### Task requirements
In the records below, find the line containing "handkoloriert" and the line containing "Radierung mit Handkolorierung, um"; please repeat exactly the lines from one to the other, both included, and nothing more.

### Task input
'''

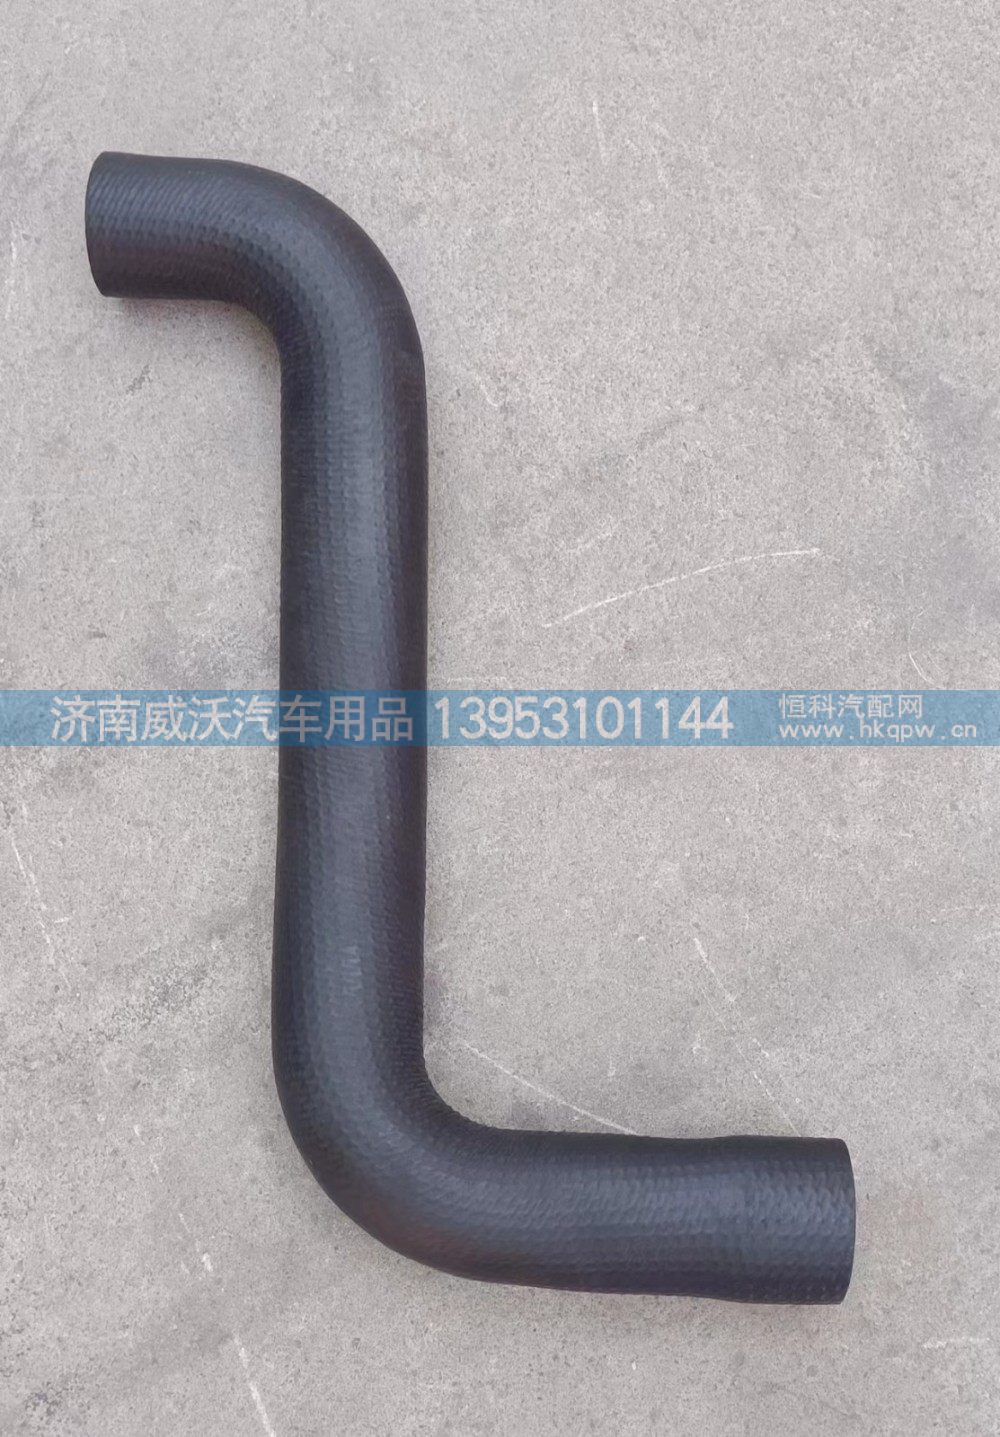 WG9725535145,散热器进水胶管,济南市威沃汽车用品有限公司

'''
'''

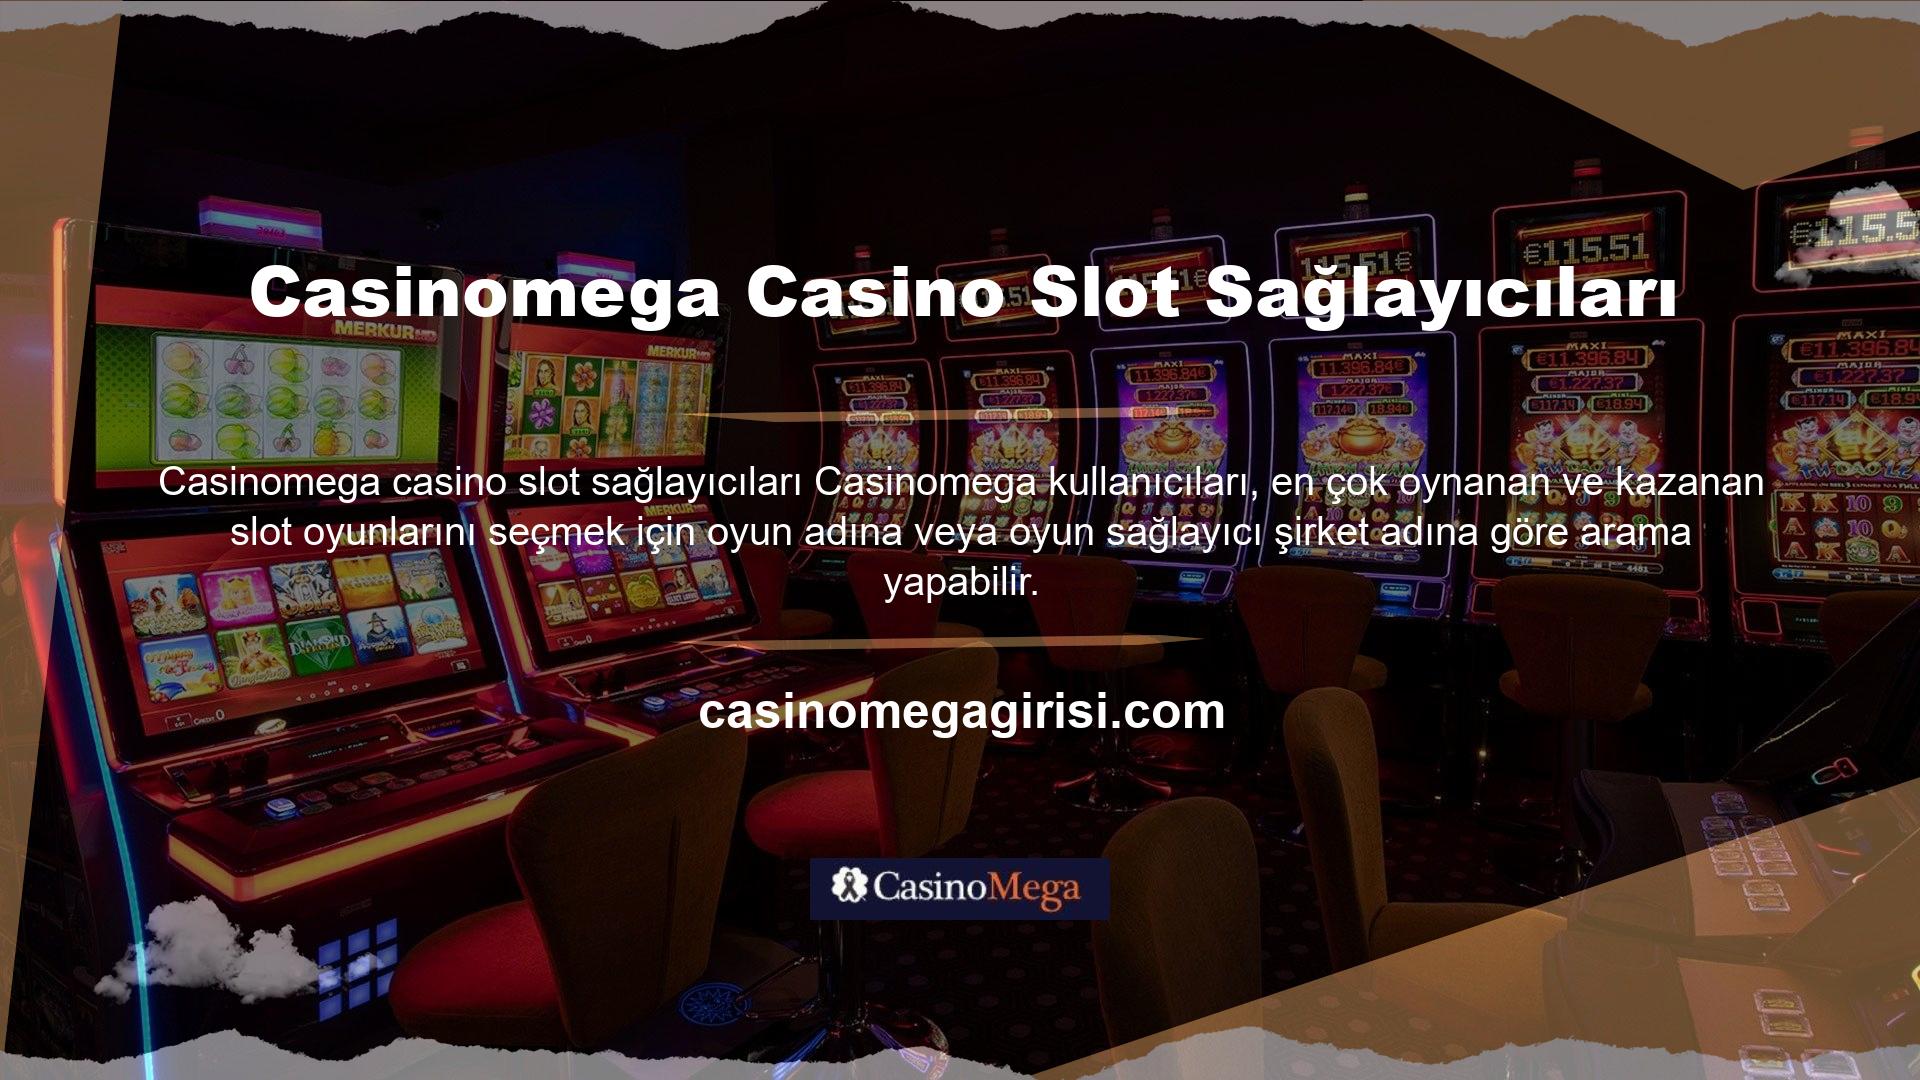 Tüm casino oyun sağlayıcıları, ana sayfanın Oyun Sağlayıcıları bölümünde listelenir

'''
'''

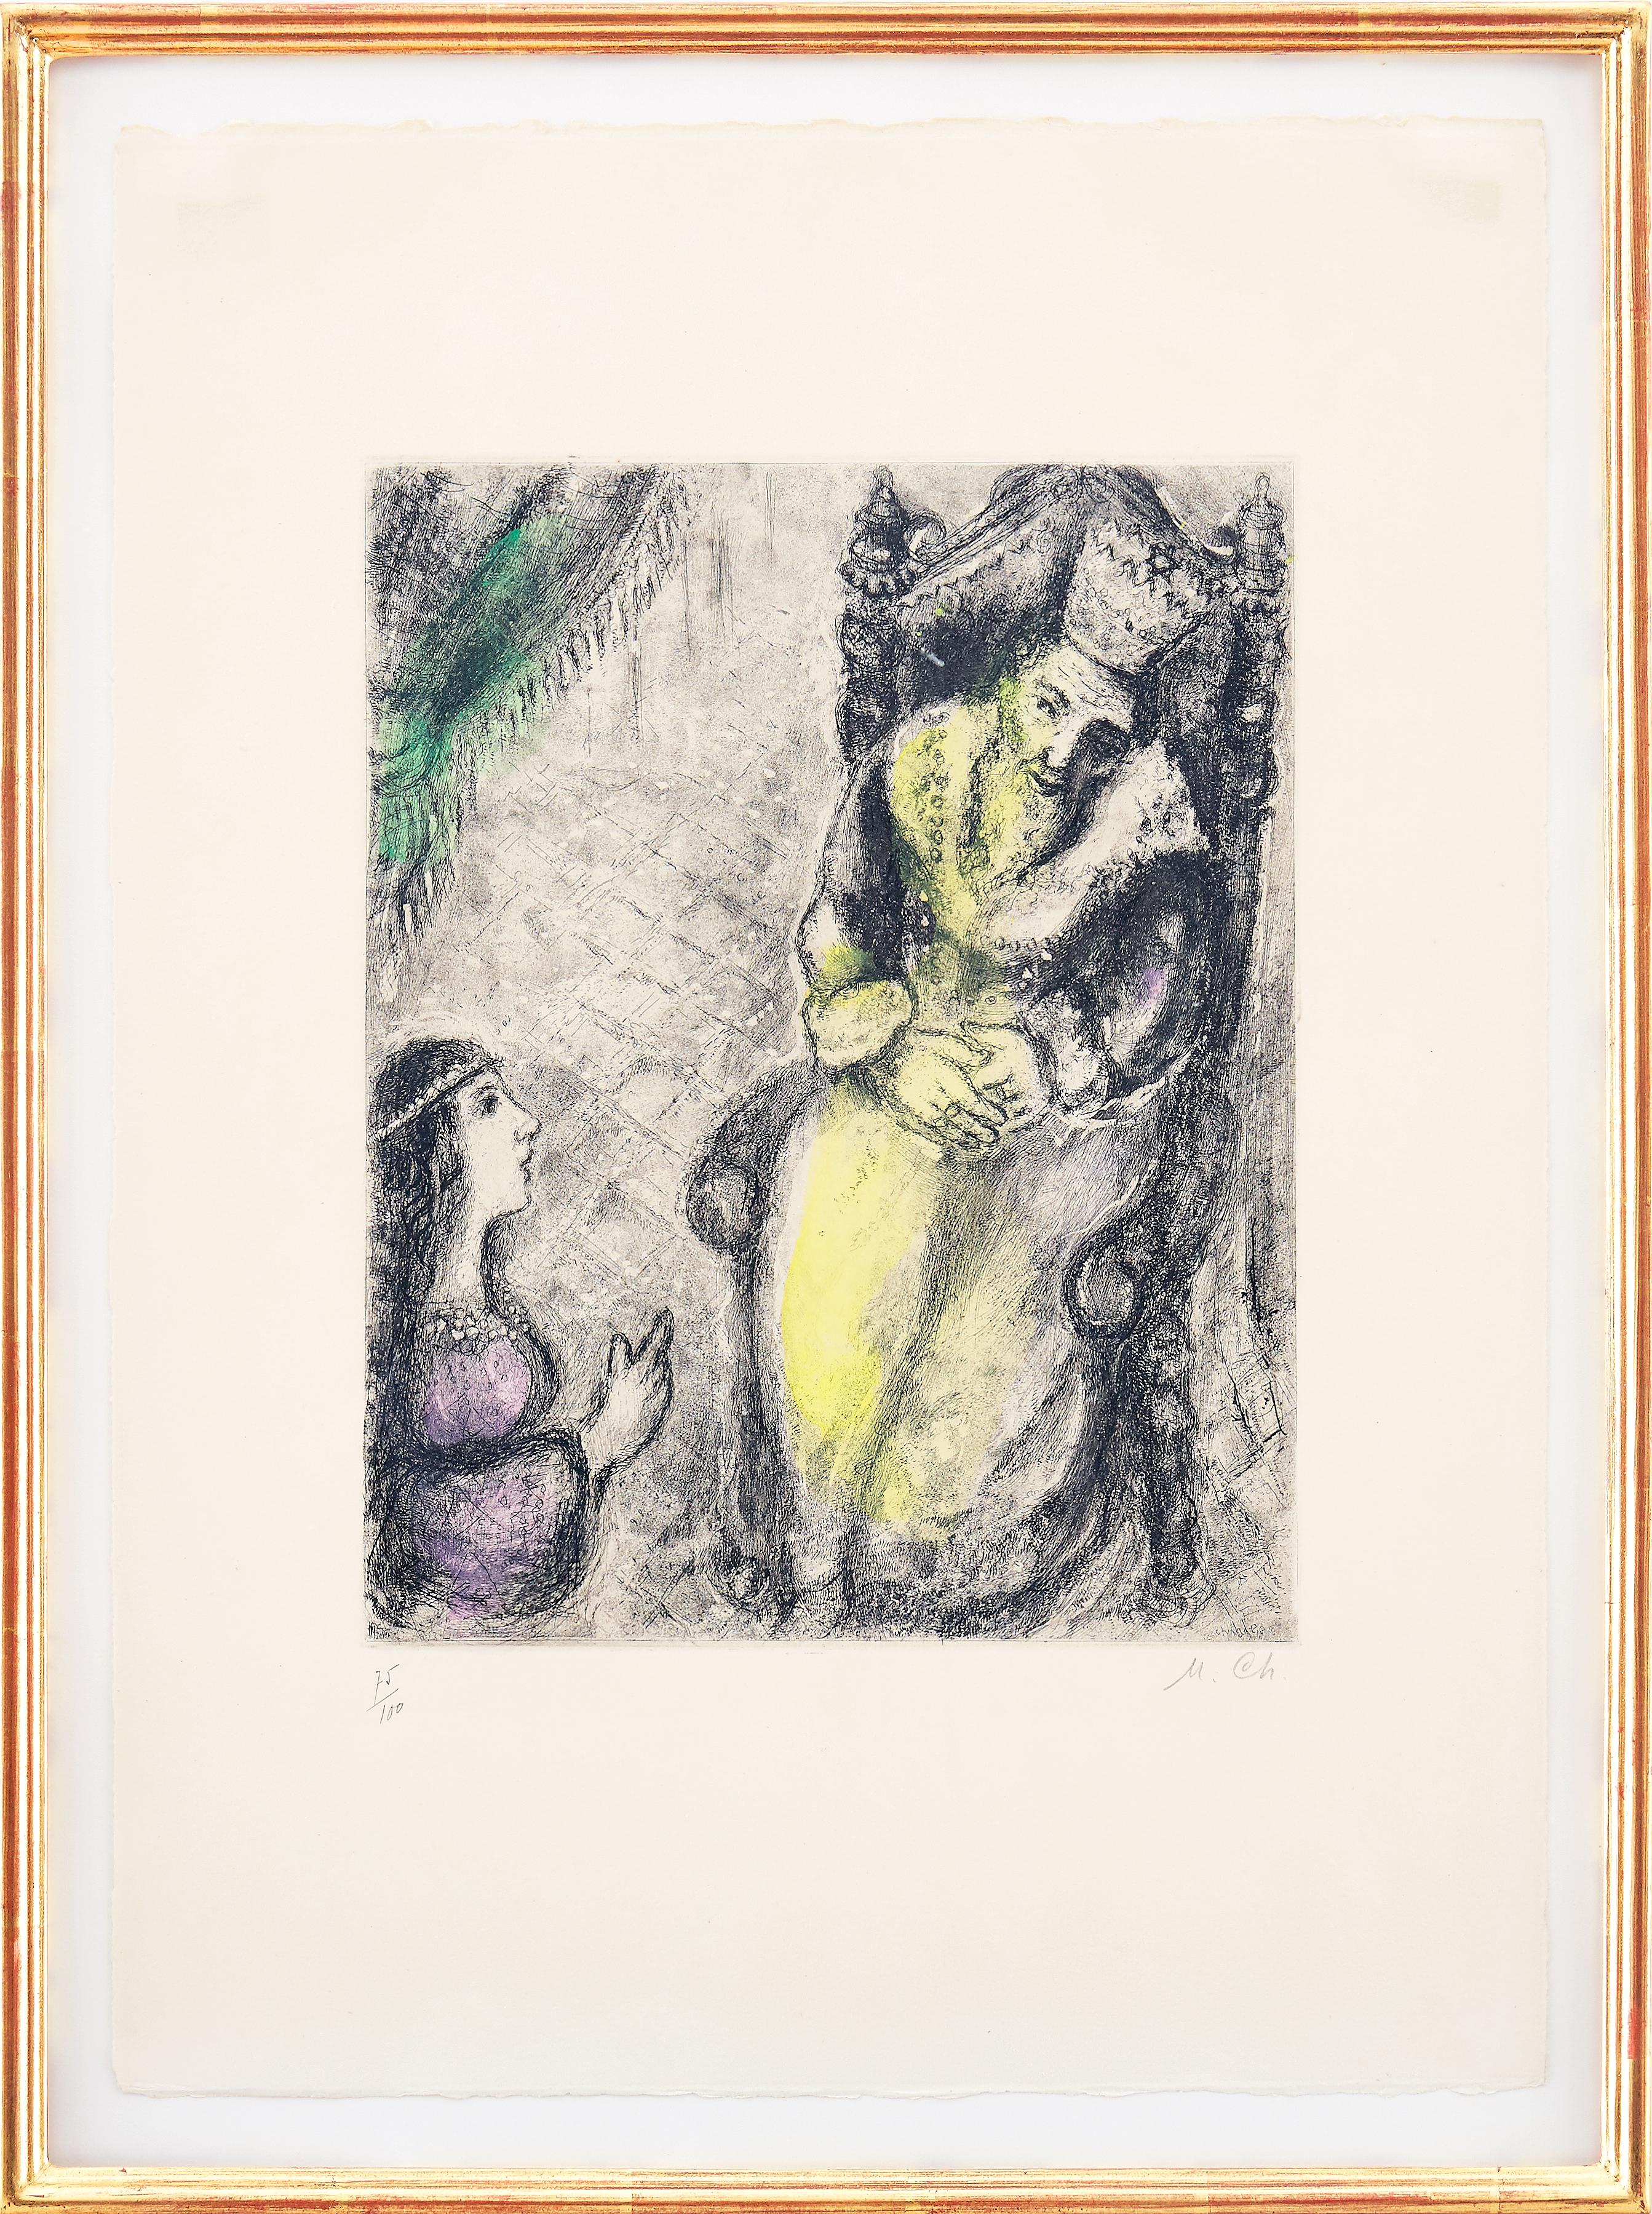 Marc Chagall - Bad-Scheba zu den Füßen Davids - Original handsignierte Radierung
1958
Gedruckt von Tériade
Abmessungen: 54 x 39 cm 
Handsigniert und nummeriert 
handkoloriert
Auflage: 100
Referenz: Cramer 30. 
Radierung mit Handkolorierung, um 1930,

'''

### Solved exercise
handkoloriert
Auflage: 100
Referenz: Cramer 30. 
Radierung mit Handkolorierung, um 1930,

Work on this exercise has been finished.